In the related research of cold chain logistics, demand forecasting is also a research hotspot. Demand forecasting can help avoid over or undersupply of cold chain logistics and play a certain role in indicating the direction of investment. Therefore, it has attracted more and more scholars’ attention in recent years. Based on a combination of weight distribution methods, Wang Xiumei ensemble partial least squares method, time series ARIMA method, and quadratic exponential smoothing method; three single forecast methods, respectively, predicted China’s aquatic products, meat, poultry, eggs and milk products, and fruit and vegetable products. The demand trend of cold chain logistics for large-scale agricultural products pointed out that the forecast accuracy of the weight distribution combination method is better than that of the three single forecast methods [16]. Yuan Jing compared the results of one-way forecasts of agricultural cold chain logistics and positive weight combination forecasts using extended trend, exponential smoothing, neural network algorithms, regression methods, and grey forecasting methods and found that the positive weight combination forecasting method is closer to the true value [17]. Based on the grey model, support vector machine, BP neural network, RBF neural network, and genetic neural network, Wang Xiaoping and Yan Fei established a forecasting model of cold chain logistics demand for agricultural products. It is found that the ability of the five models to analyze agricultural product cold chain logistics demand problems is ranked as follows: genetic neural network model > RBF neural network model > BP neural network model > support vector machine model > grey model. Chain logistics demand analysis has advantages [18]. In the follow-up research, they constructed their index system from the five perspectives of agricultural product supply, social economy, cold chain development, humanities, and logistics demand scale. Using the global search capability of genetic algorithm, they constructed BP neural network to forecast agricultural cold chain logistics demand of urban agricultural products [19]. Yang Yangwei and Cao Wei integrated traceability information and monitoring information in the supply chain and also used BP neural network to establish an early warning indicator system for fruits and vegetables [20].

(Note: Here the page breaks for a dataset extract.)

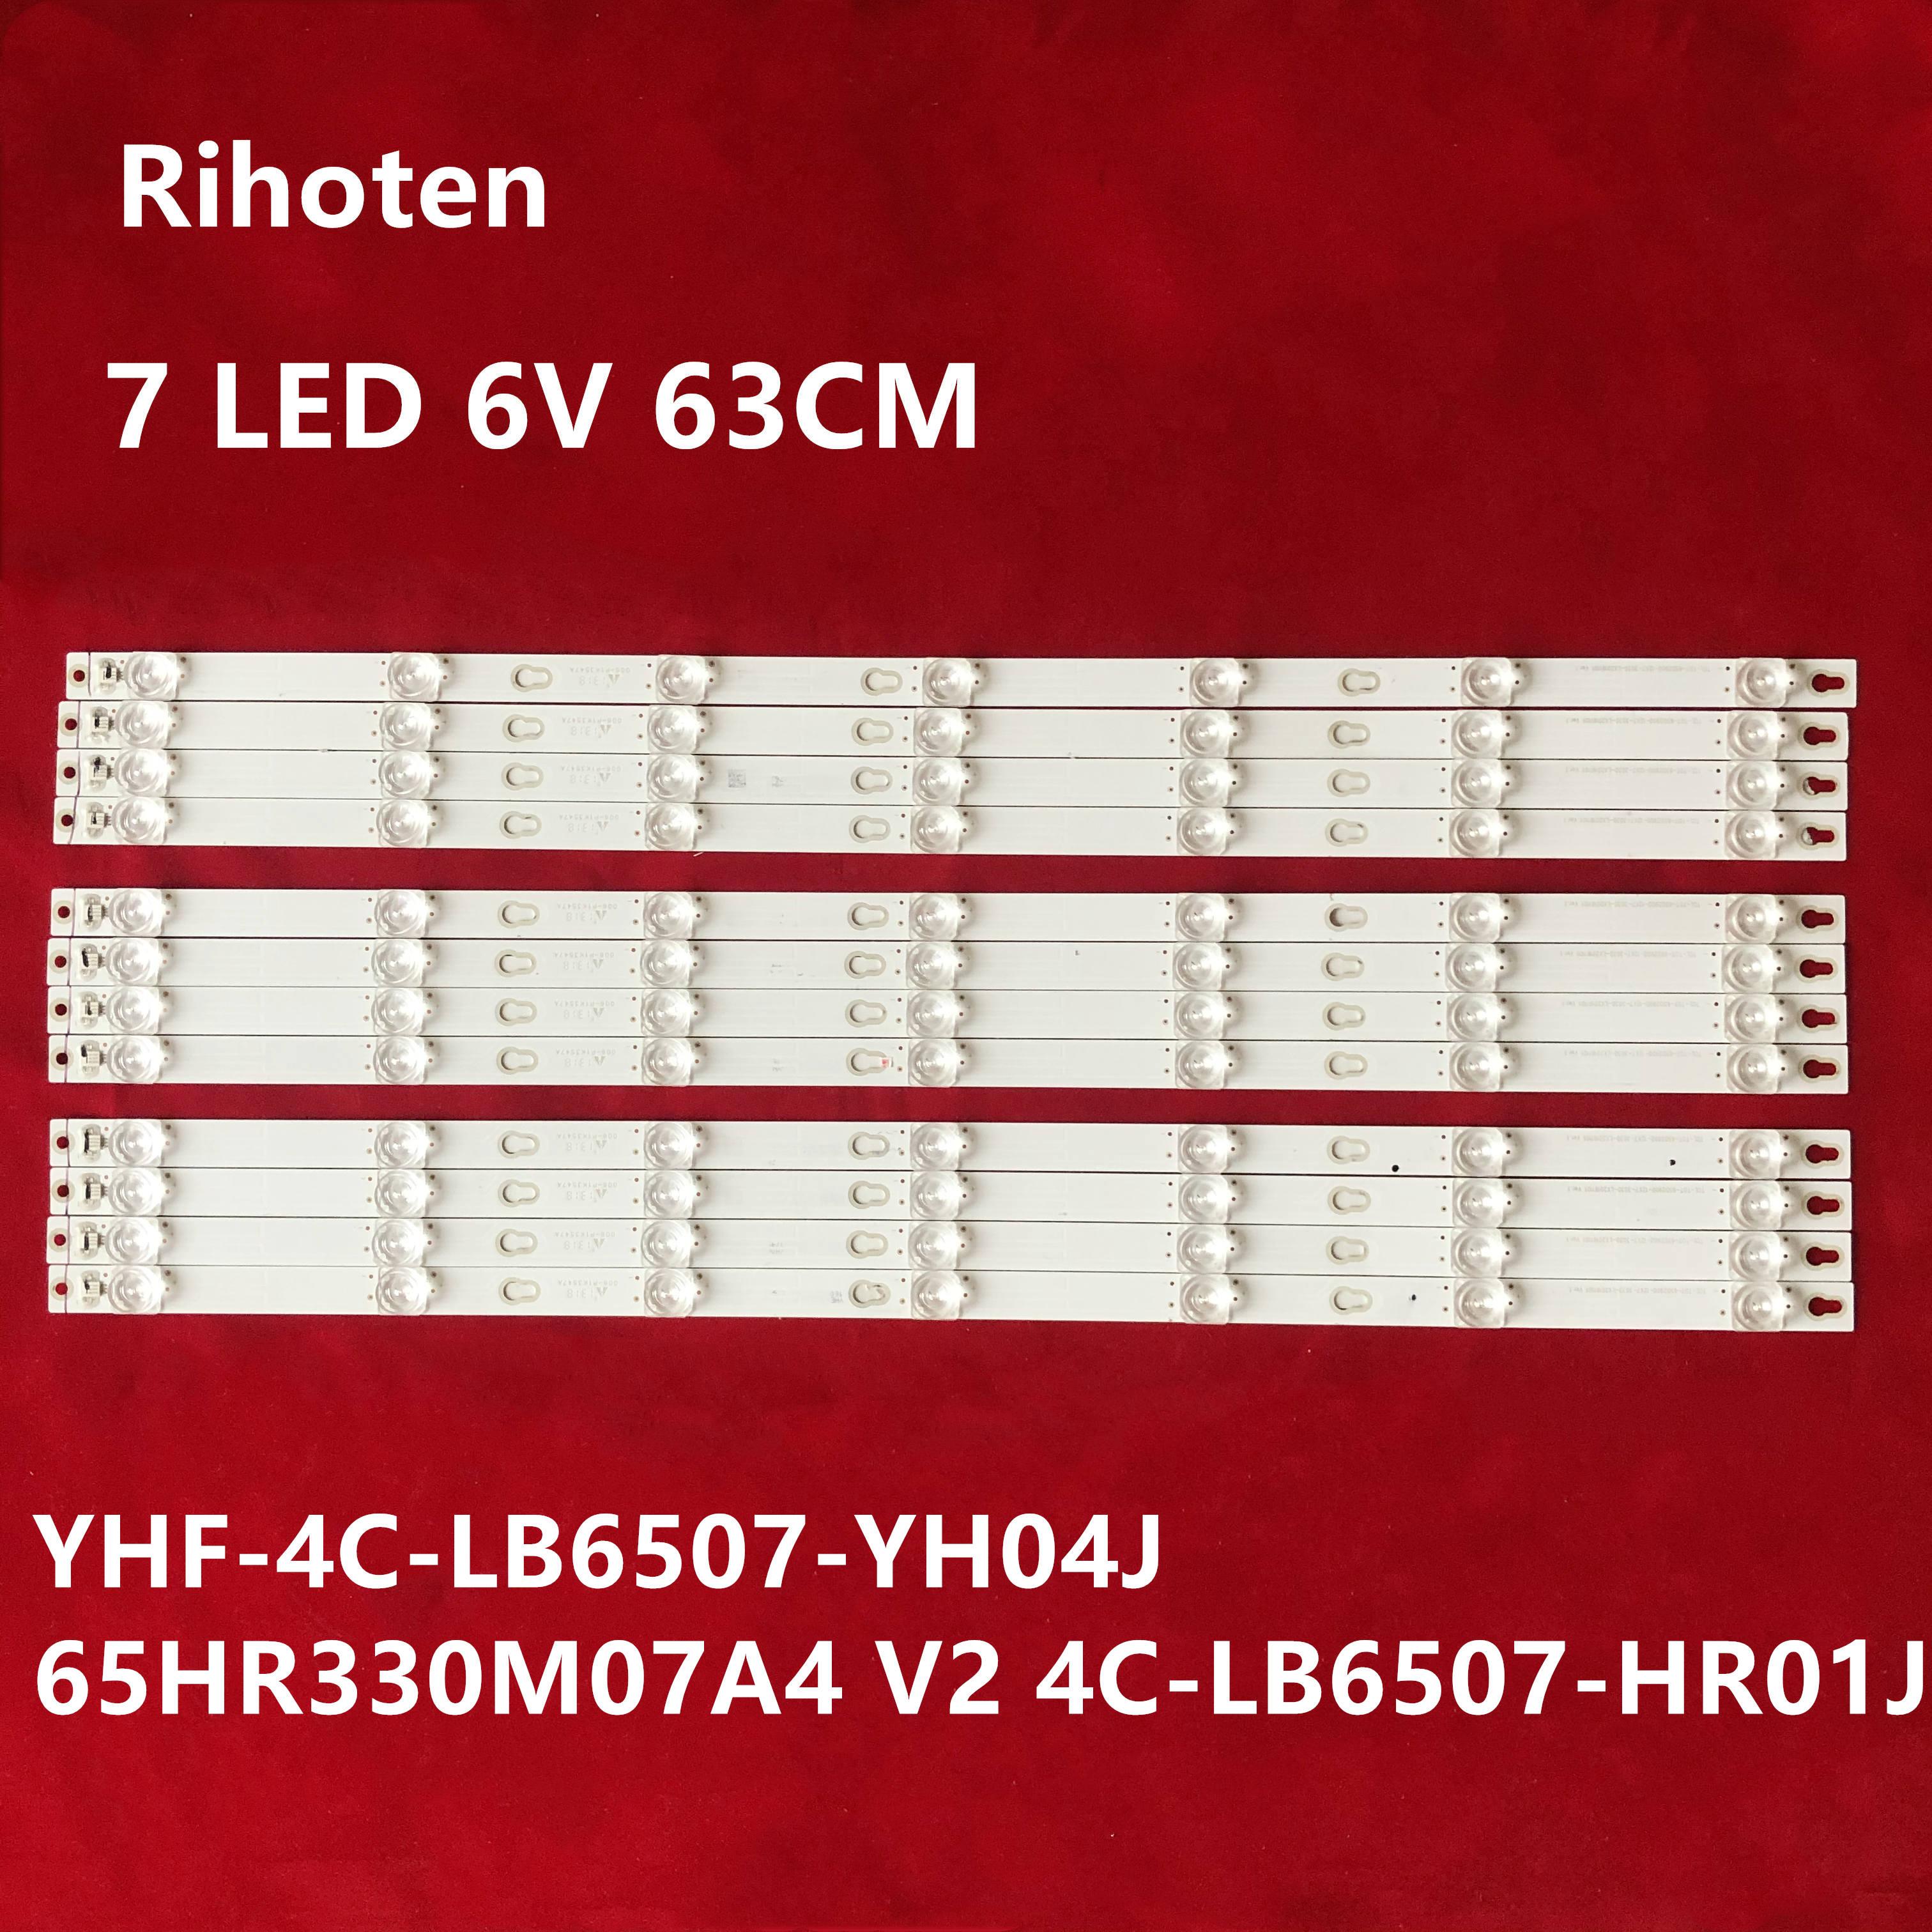 Para TCL L65E5800A-UD L65P2-UD 65A730U D65A620U Luz de tira 65HR330M07A4 V2 4C-LB6507-HR01J pantalla LVU650NDIL

The academic community attaches great importance to the research of cold chain logistics technology. Many scholars are keen on the exploration of regional cold chain logistics development strategies and pay attention to the analysis of cold chain demand. However, there are still very few quantitative researches on cold chain logistics demand forecasting, especially the analysis of demand influencing factors. Considering that cold chain logistics demand is easily affected by many factors and the statistical data of the year are limited, the research intends to find out a cold chain logistics demand forecasting model.

3. Research Methods

3.1. Backpropagation Network (BPN)

The first model constructed in this research is the backpropagation neural network prediction model. Specifically, the neuralnet function in the R program is used to run the backward pass neural network algorithm to construct a predictive model.

Artificial neural network is a famous strategy to solve the problem of multitarget prediction. Neural networks contain a large number of models and learning methods, which are mainly divided into feedforward neural networks and feedback neural networks [21]. By imitating the behavioural characteristics of animal neural networks, distributed and parallel information dissemination processing is carried out, thereby constructing algorithmic mathematical models. This kind of network relies on the complexity of the system and achieves the purpose of processing information by adjusting the weight value and threshold value of the interconnection between a large number of internal nodes. The backward pass neural network is the most widely used neural network. It is a multilayer feedforward network trained by error backpropagation. The basic idea is to use the gradient descent method to search technology to make the predicted output value and expected output of the network. The mean square error of the value is the smallest. The calculation structure of neural network nodes is shown below (see Figure 1).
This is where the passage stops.